YOUR GOAL: Please reproduce all of the listing below exactly and drop its images.

DATA EXTRACT:
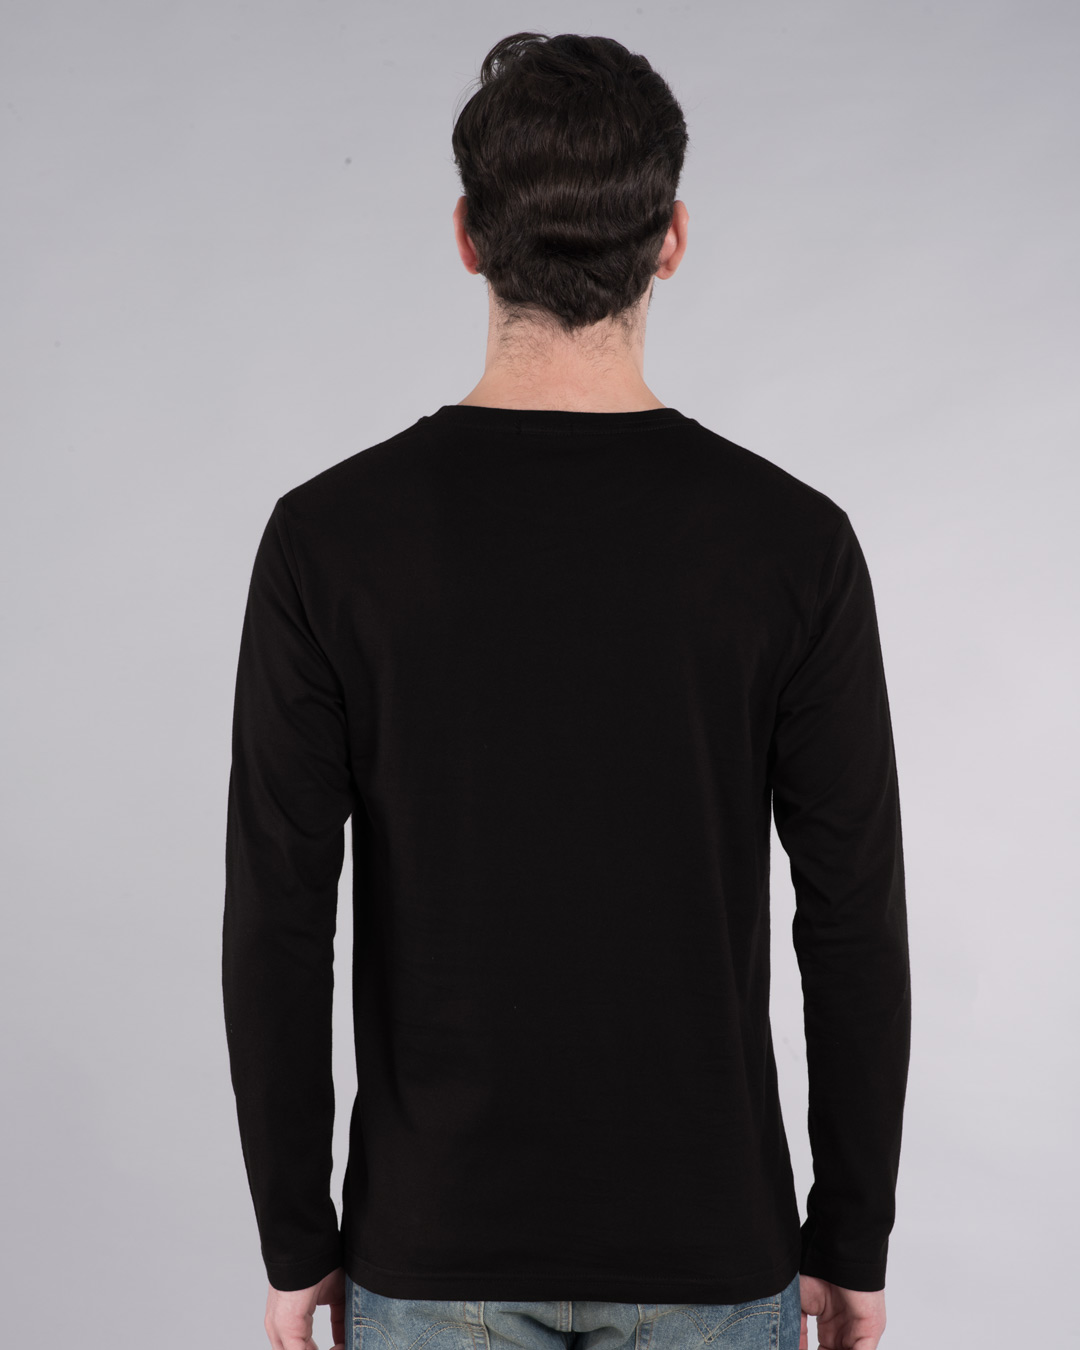 Shop Dali Profile Glow In Dark Full Sleeve T-Shirt -Back
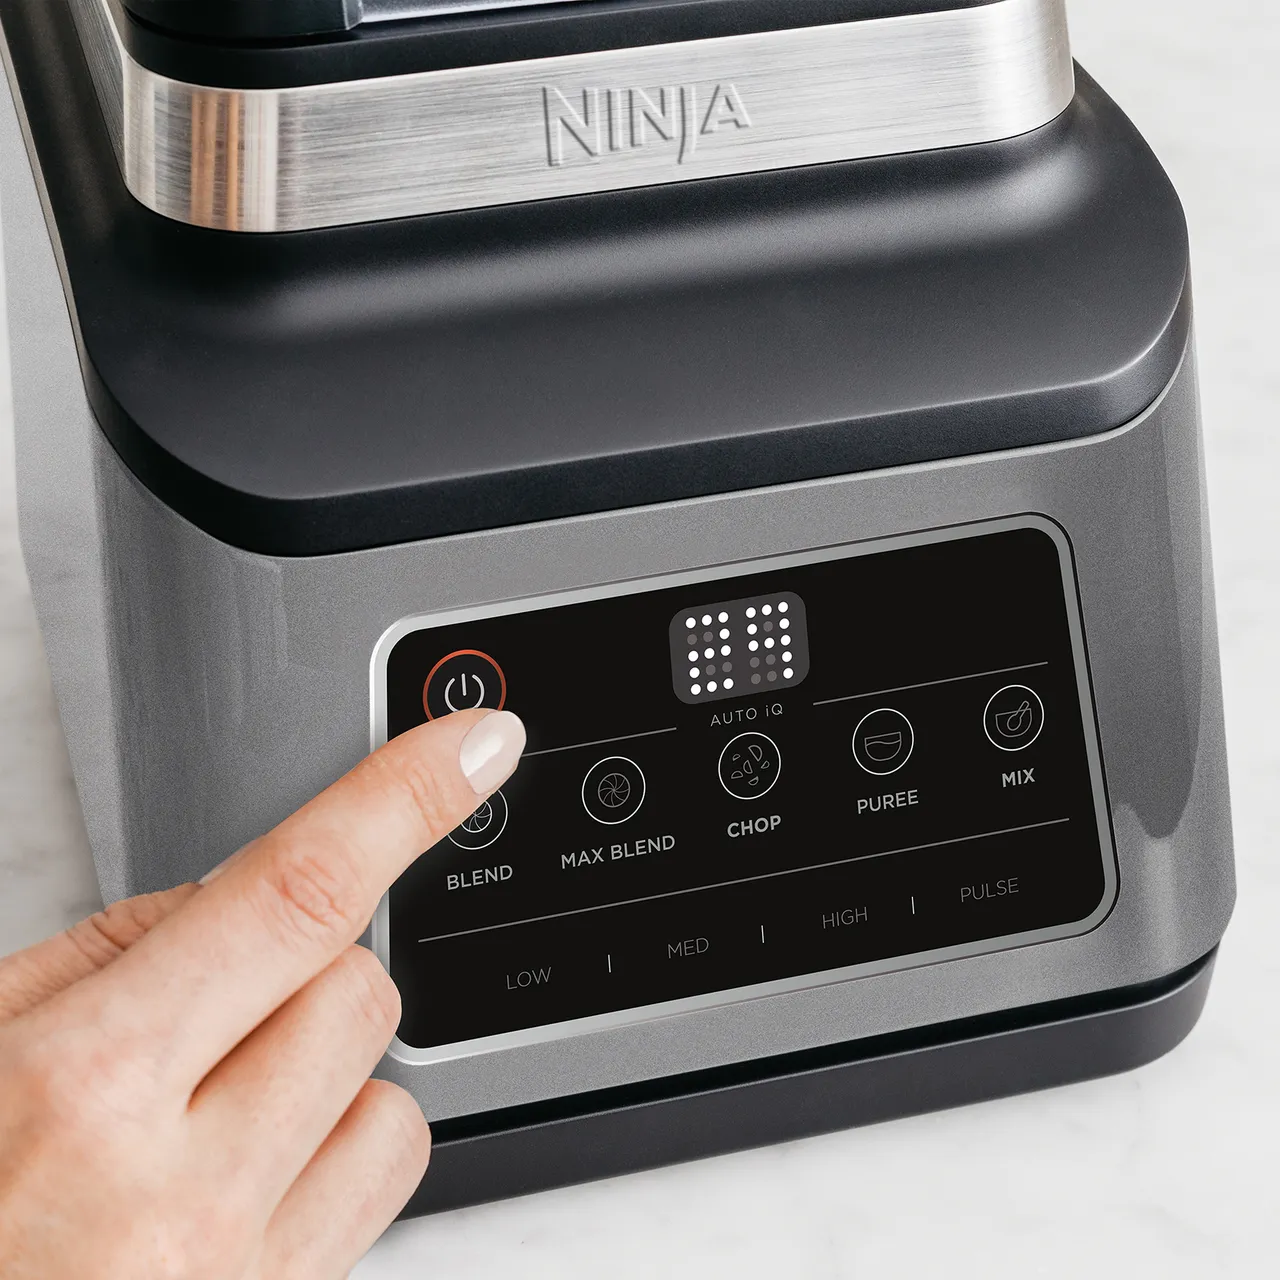 Ninja 3-in-1 Food Processor with Auto-IQ
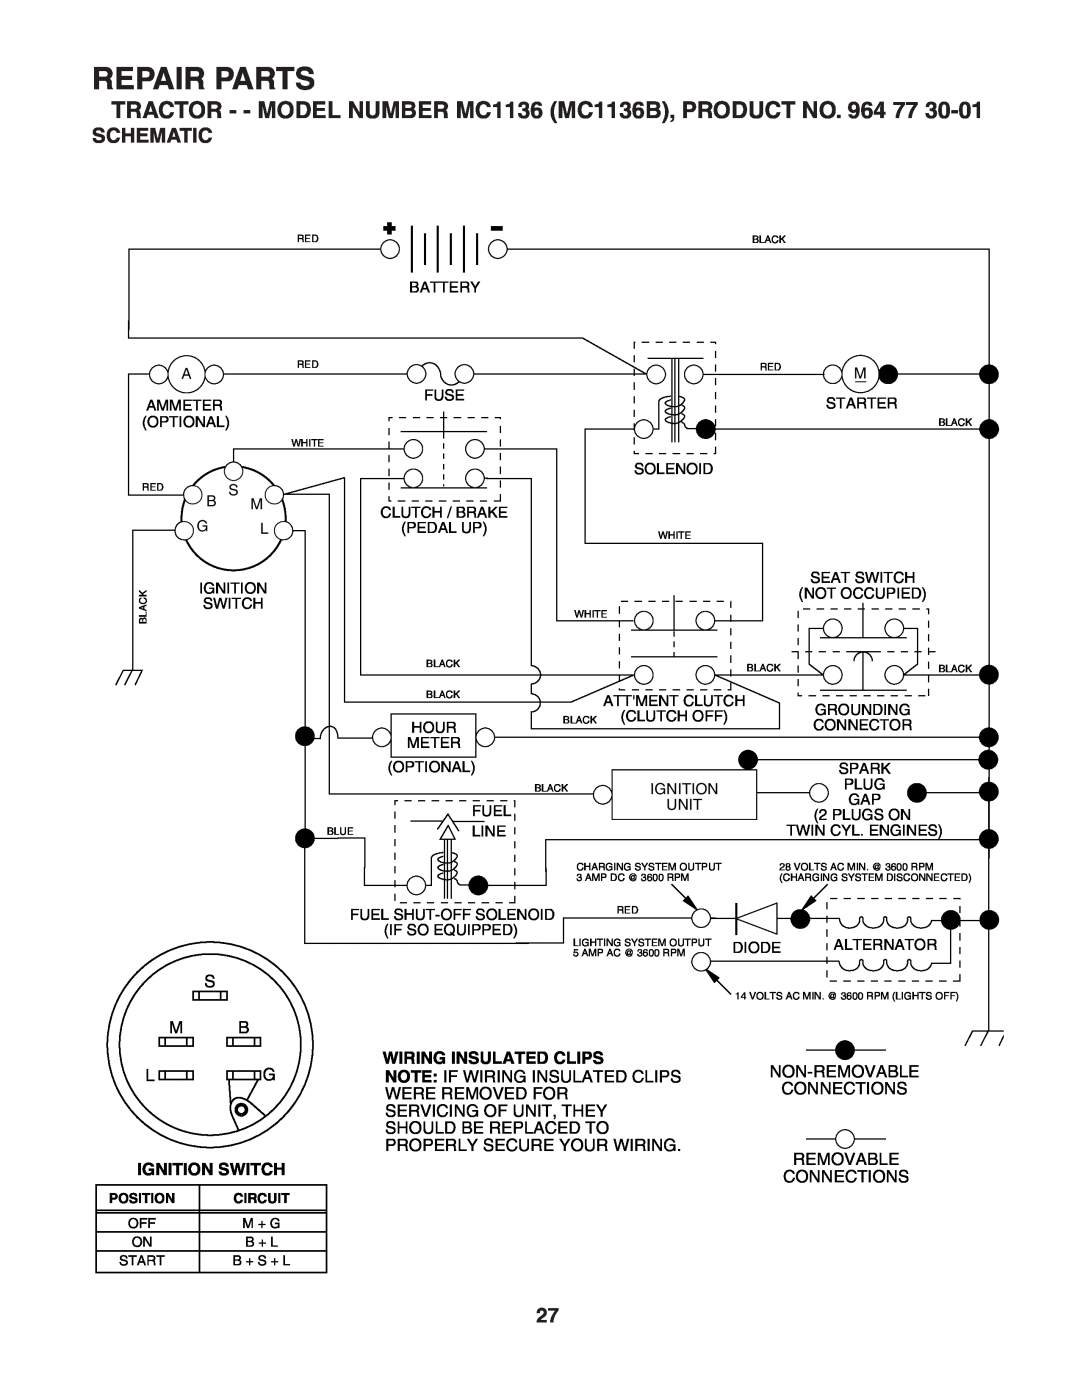 McCulloch manual Repair Parts, TRACTOR - - MODEL NUMBER MC1136 MC1136B, PRODUCT NO. 964, Schematic

EXERCISE SOLUTION:
 Shop Dali Profile Glow In Dark Full Sleeve T-Shirt -Back
 Ninja 3-in-1 Food Processor with Auto-IQ
 McCulloch manual Repair Parts, TRACTOR - - MODEL NUMBER MC1136 MC1136B, PRODUCT NO. 964, Schematic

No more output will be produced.